Someone stole three chainsaws, a gas-powered hedge trimmer, a circular saw, a portable power plane, and a bottle of diesel conditioner.  These are just the items that I noticed were missing. 

Unfortunately I turned in my insurance claim before I realized the true extent of what all was stolen, and so I "ate" a huge portion of the loss on my own. 

Furthermore, the insurance company was not forthcoming in assisting me to file my claim, so I errantly claimed the cost of the original purchase, not the cost of replacement, therefore when I went to replace the chainsaws and hedge trimmer, I paid nearly twice what I got from the insurance company.  And because I have claimed a loss, I cannot change carriers for at least three years. 

So yes, I have insurance, but I would be money ahead in the long run if I didn't.  The total of all premium payments for many years would cover quite a lot more than I was reimbursed for the recent loss.


----------



## 480sparky (Feb 7, 2015)

Designer said:


> ...... so I errantly claimed the cost of the original purchase, not the cost of replacement, therefore when I went to replace the chainsaws and hedge trimmer, I paid nearly twice what I got from the insurance company. ..........



You probably came out ahead.  Typically, insurance will cover the _current value_ of an item at the time it was stolen, regardless of what you paid for it originally, and certainly with no consideration as to replacement cost.

If you purchased a chain saw for $500 10 years ago, and it's replacement sells for $750 today, those numbers are not relevant.  What you usually would get is the current market value of a used, 10-year-old chain saw.  $200 if you're lucky.

Insurance is designed to _make you whole_.  You had a chain saw worth $200.  They pay you $200.  You are _whole_ again.  Any policy that claims they will reimburse you for either the purchase price or replacement cost will merely raise the premiums in order to do so.  So the net result is you end up buying a new chain saw on an installment plan.


----------



## ThroughTheIris (Feb 7, 2015)

From what I read, the amount you can claim is basically the amount youd spend to buy that item off Craigslist. 

Some BS.


----------



## Designer (Feb 7, 2015)

480sparky said:


> Any policy that claims they will reimburse you for either the purchase price or replacement cost will merely raise the premiums ..



Yes, that is what the policy was.  I feel used and abused.


----------



## bribrius (Feb 7, 2015)

Don't do insurance unless it is for higher dollars i cant cover. Insurance companies make money playing the odds. If you can afford to do the same you save money.


----------



## Mr. Innuendo (Feb 7, 2015)

ThroughTheIris said:


> From what I read, the amount you can claim is basically the amount youd spend to buy that item off Craigslist.
> 
> Some BS.



You need better things to read.

My gear is insured for the replacement cost. If my 5D gets jacked, the insurance company pays me the amount needed to purchase whatever model is closest in terms of features, etc.

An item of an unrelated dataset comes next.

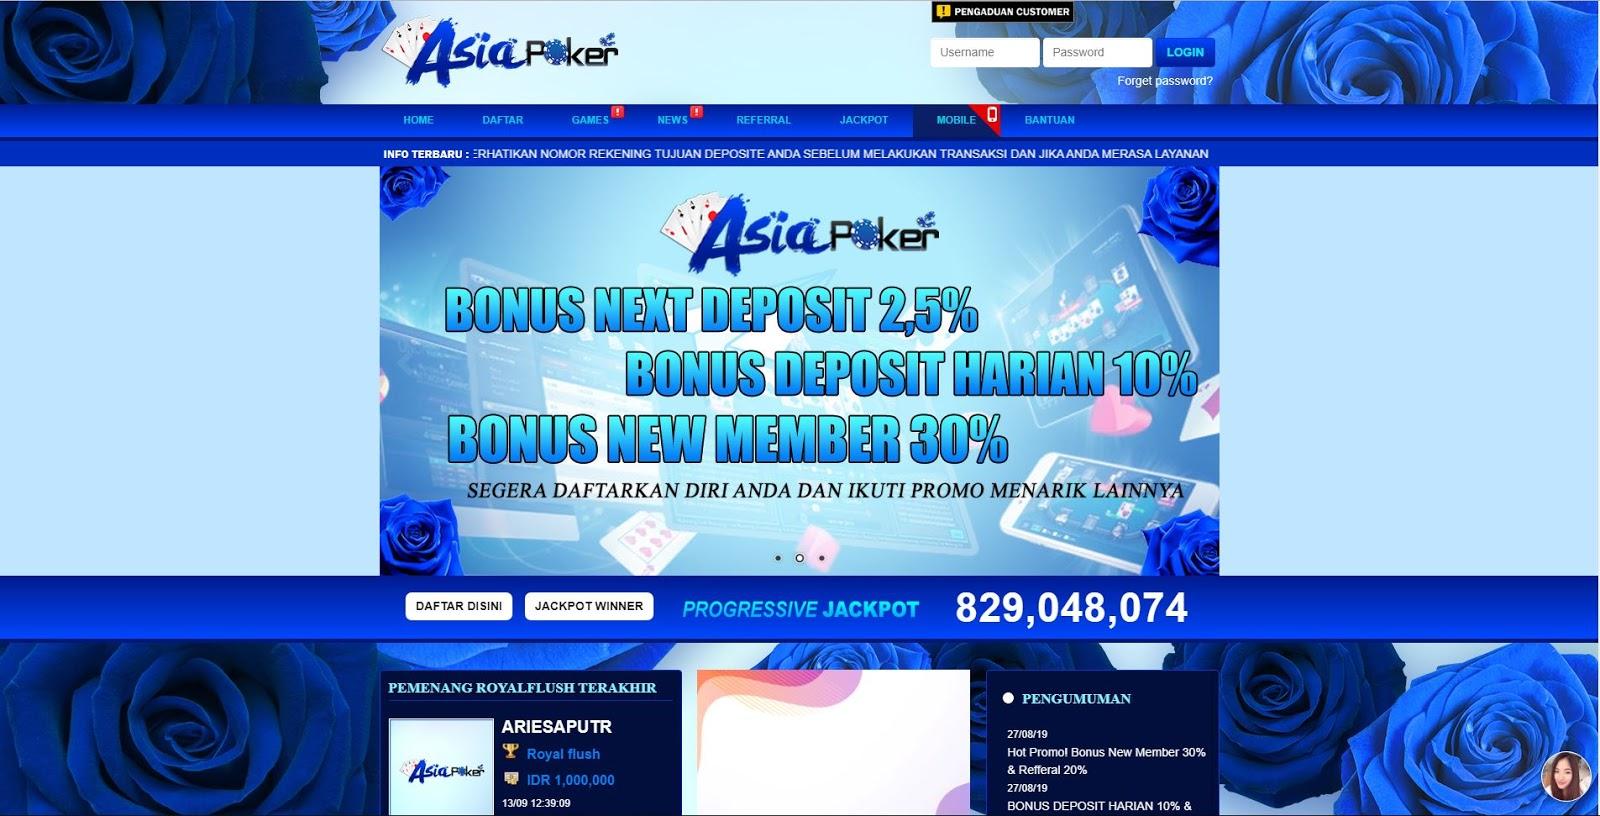 Skupnosti Sio Asia Poker Cara Mendaftar Situs Judi Online Hanya 5 Menit

Craig's List? No, I don't think so...


----------



## photoguy99 (Feb 7, 2015)

Policies vary.


----------



## tirediron (Feb 7, 2015)

Mr. Innuendo said:


> ThroughTheIris said:
> 
> 
> > From what I read, the amount you can claim is basically the amount youd spend to buy that item off Craigslist.
> ...


This is the difference between professional photographer's insurance and a home-owner's policy rider or similar.  I pay $750/year on just shy of $30K worth of gear through a company that ONLY deals in professional business insurance.  If anything is lost, stolen, spindled, folded or mutilated, aside from deductible, I get brand-new gear; in other words, a D700 would magically turn into a D800; a D3 to a D4s, etc.


----------



## MSnowy (Feb 7, 2015)

[/QUOTE]
 I get brand-new gear; in other words, a D700 would magically turn into a D800; a D3 to a D4s, etc.[/QUOTE]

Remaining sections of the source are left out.